CDTS104: Energy, Technology, Behaviour, Culture and Regulation; The complex problems and transition engineering solutions for the future of local, sustainable fishing
Prof Susan Krumdieck
Email: s.krumdieck@hw.ac.uk

Fish, shellfish and marine resources have been the lifeblood of the Orkney Islands for thousands of years. Sustainability means that the richness of whole systems of economic and social systems, food supply, trade and culture of living with the sea are flourishing in millennia to come. Clearly, wild fish and shellfish populations and the marine environment are not able to withstand the pressures of economic and technical growth. Quotas and boat size regulations, plus fishing area regulations were all established to protect the fishing stocks from the overfishing made possible by technology advances in the last century. Unfortunately, the regulatory environment has not modernised with information technology, with marine science, and with ways to incorporate local knowledge and traditional behaviours. The financial and regulatory pressures on local fishing are exacerbated by tourism and cultural erosion of fishing villages and rural populations.

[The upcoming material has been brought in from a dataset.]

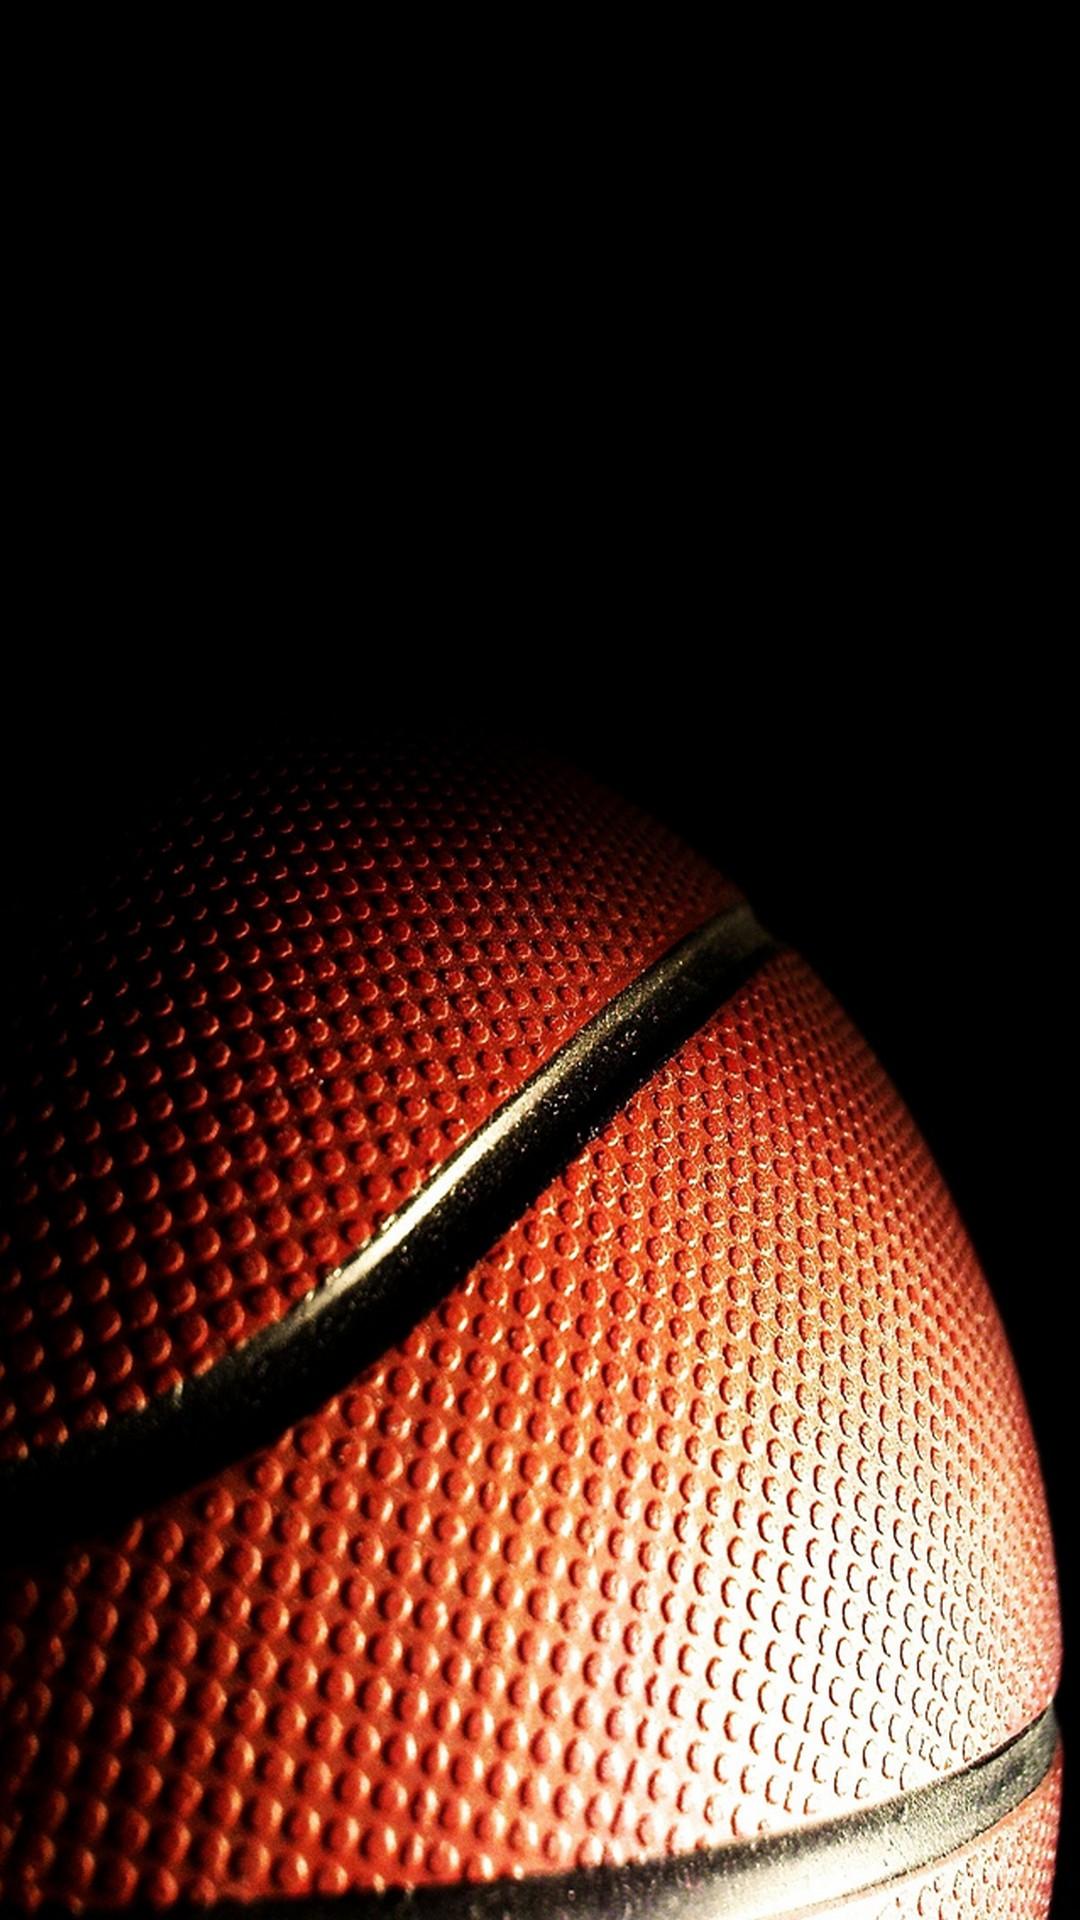 NBA iPhone 7 Wallpaper 2020 Basketball Wallpaper 1080x1920
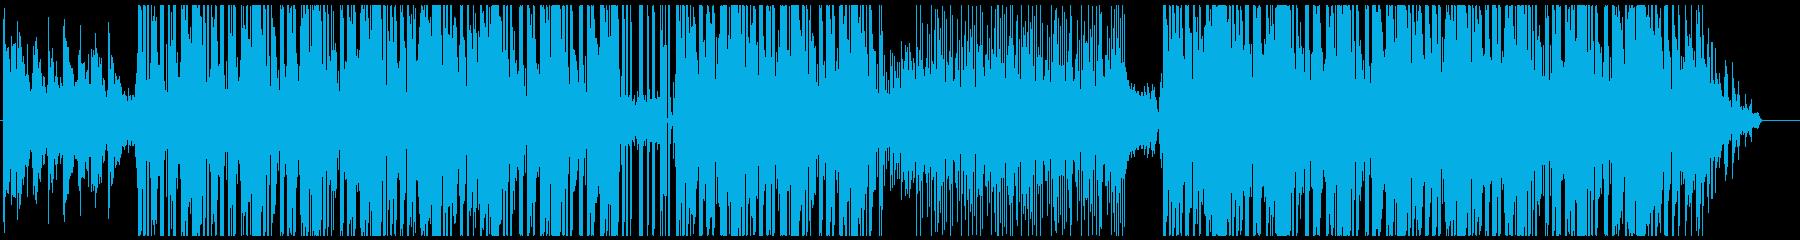 少し暗い雰囲気のHiphopの再生済みの波形

The project aims to facilitate the transition to healthy, low carbon local fishing communities and economies strong enough to continue to support the local land activities (e.g. tourism, restaurants, processing). The methods will be based on the Transition Lab which brings together the stakeholders from different perspectives, and applies the Interdisciplinary Transition Innovation, Management and Engineering (InTIME) process to find new ways of doing things. The objectives are to develop productive ways to capture the local knowledge about sustainable, efficient and economical fishing practices, codify this knowledge using modern digital technology and develop prototype modern quota and regulation systems. Further objectives are to address the cultural values of local fishing and find new ways to understand and govern the commons of the marine ecosystem and the fishing culture and seaside villages (E. Ostrom, 2015).

Research Question: Given that sustainability is a whole system condition (GI Broman & K-H Robert, 2015), If we focus on observing and documenting the local traditional knowledge of the marine environment and fishing, can we find a new way to build a framework for sustainable fishing as a way of life?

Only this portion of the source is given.